LONDON, Aug twenty five (Reuters) – Virgin Atlantic’s trade creditors voted on Tuesday in favour of a 1.2 billion pound ($1.6 billion) rescue plan, moving the commercial airline a step closer to doing a restructuring developed to secure its succeeding outside of the coronavirus crisis.
Virgin Atlantic agreed the deal with shareholders & financial as well as other significant creditors in July, in addition, on Tuesday smaller suppliers that the carrier owed money to also endorsed it.
“Today, Virgin Atlantic has gotten to a major milestone in safeguarding its future, securing the heavy support of all the four creditor classes, including 99 % support from trade creditors which voted in favour of the plan,” a sp
“Achieving the milestone places Virgin Atlantic in a place to rebuild its balance sheet, reestablish customer confidence and welcome passengers back again to the skies once they’re ready to travel.”
The airline, 51 % owned by Richard Branson’s Virgin Group and 49 % by U.S. airline Delta DAL.N, has had to shut its base at London’s Gatwick Airport and cut over 3,500 jobs to contend with fallout from COVID 19.

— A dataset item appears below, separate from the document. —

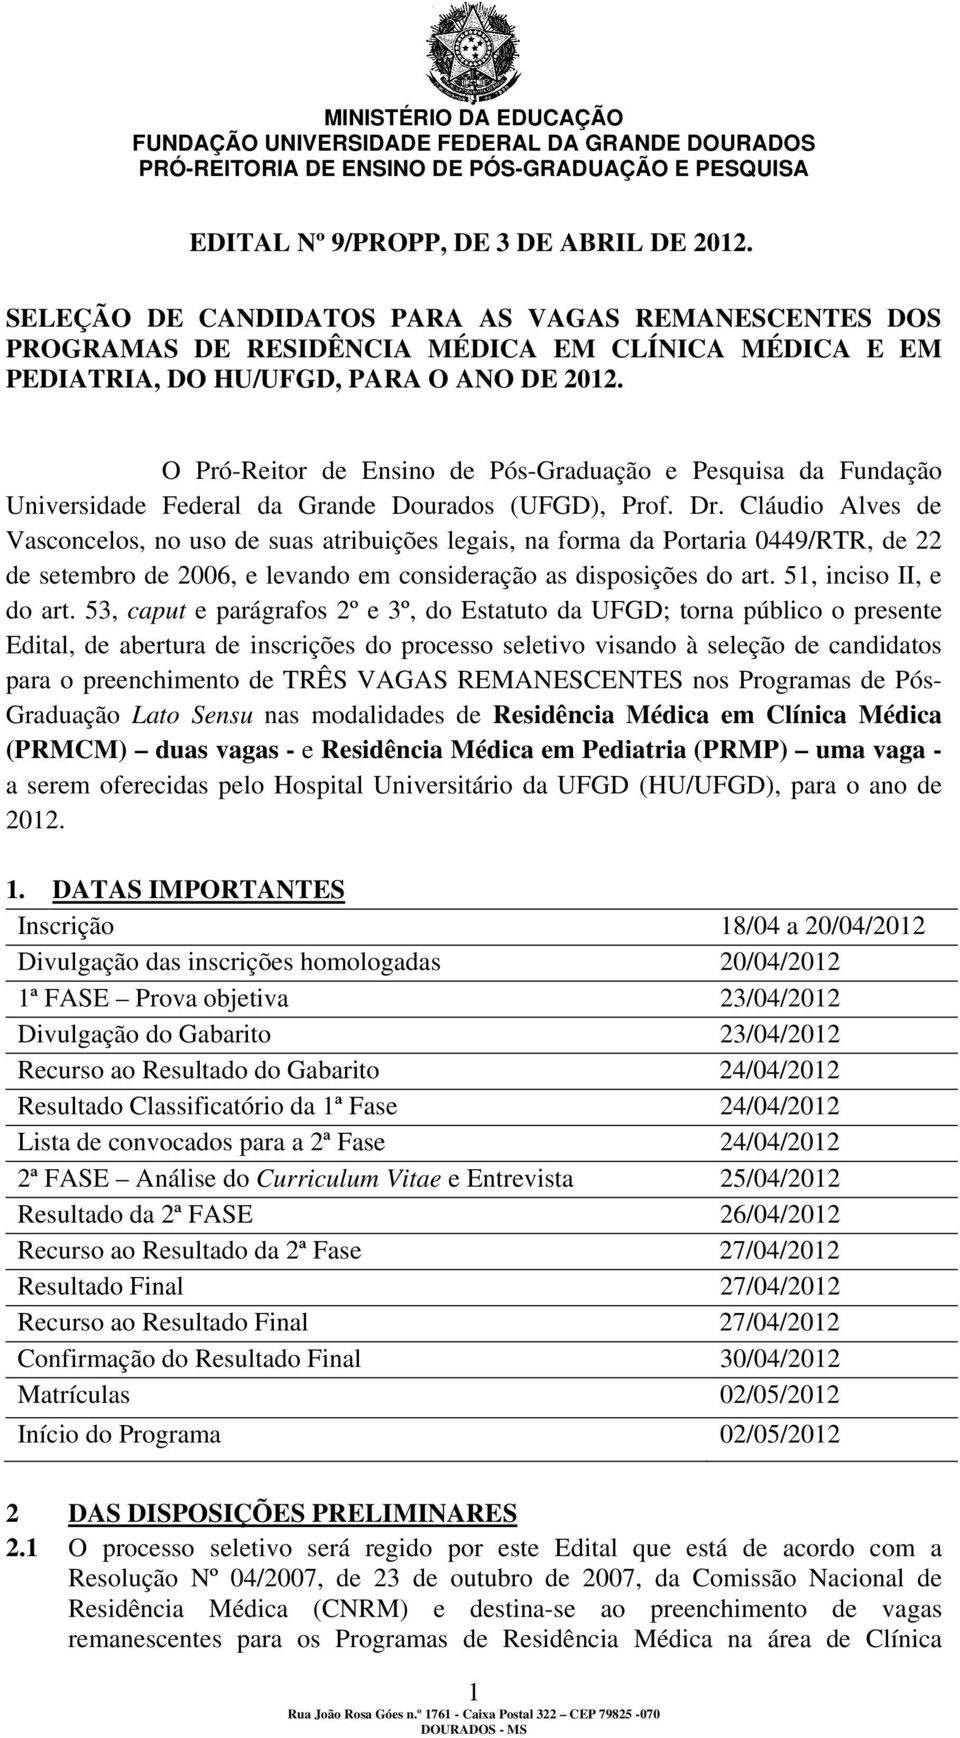 Cláudio Alves de Vasconcelos, no uso de suas atribuições legais, na forma da Portaria 0449/RTR, de 22 de setembro de 2006, e levando em consideração as disposições do art. 51, inciso II, e do art.
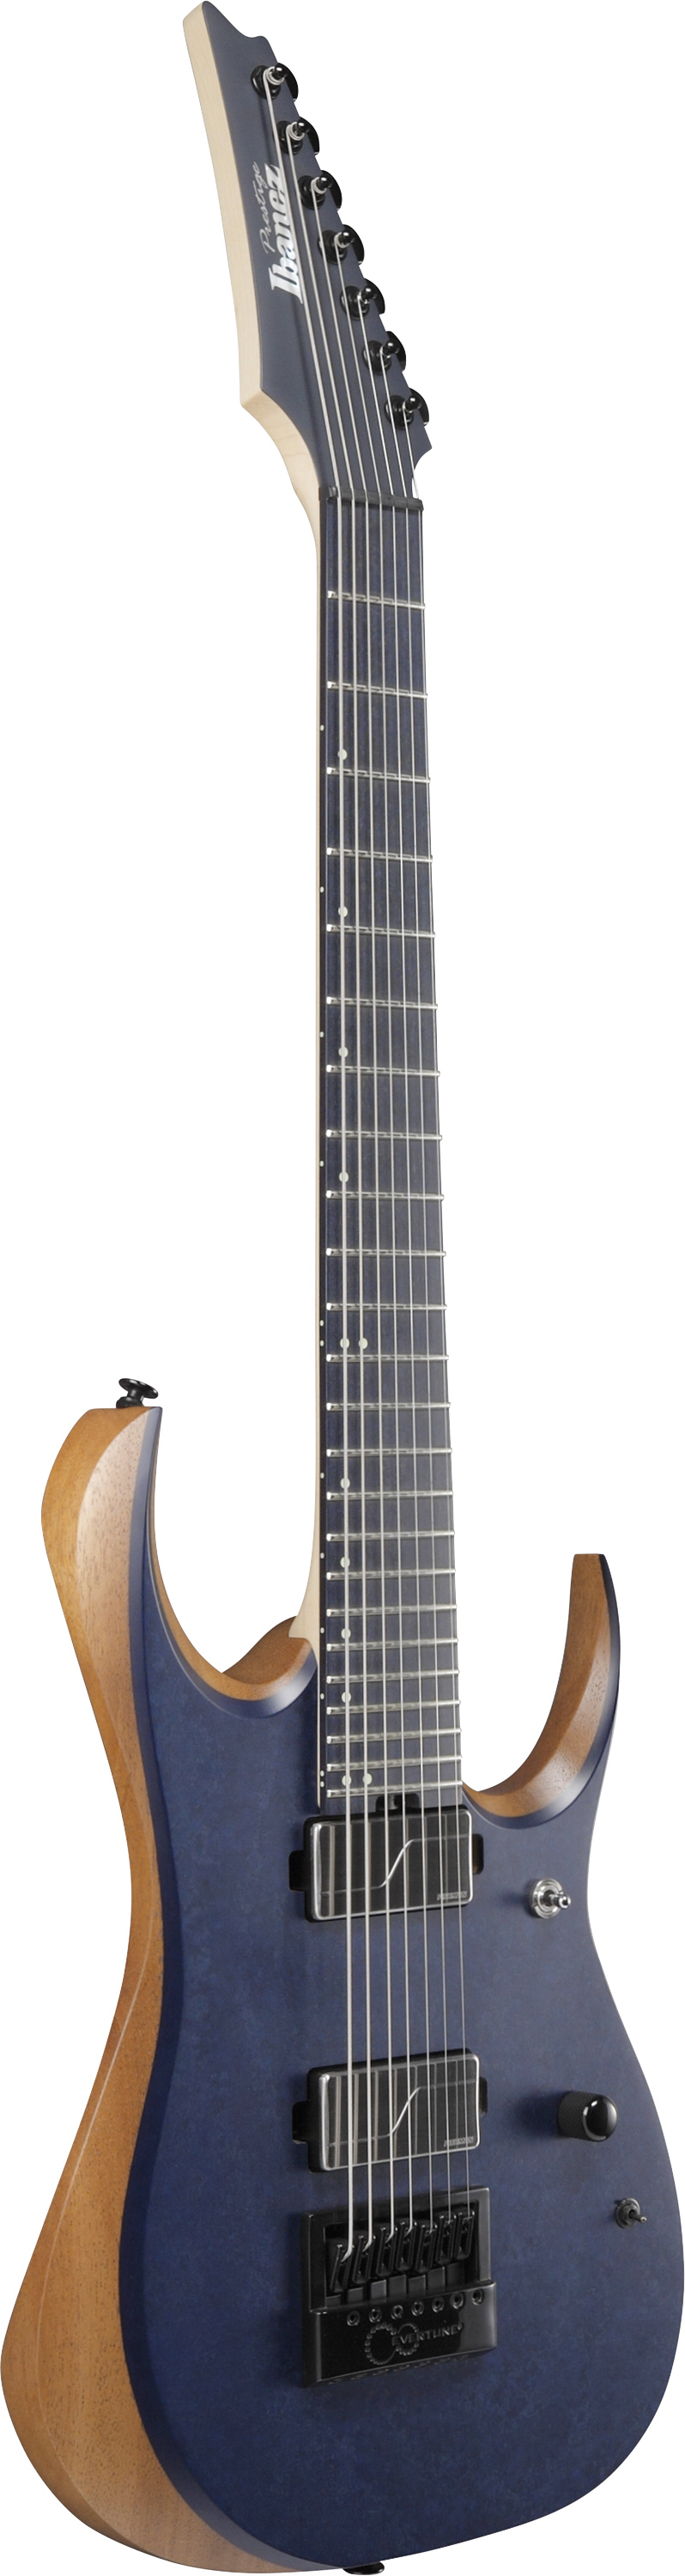 Ibanez Rgdr4527et Prestige Hh Ht Rich - Natural Flat - Str shape electric guitar - Variation 5

The pandemic has grounded planes and hammered need for air travel.
Virgin Atlantic had reported to a court filing of August it will run out of money by the tail end of September unless of course the recapitalisation approach was authorized.
A hearing at London’s High Court is actually scheduled for Sept two to approve the weight loss plan.
“We stay certain that the program belongs to the absolute best impact for Virgin Atlantic and all its creditors and believe that the court will exercise the energy of its to sanction the restructuring plan,” the spokeswoman said.
A procedural hearing is due for Sept 3 in the United States so that the offer could be recognised there.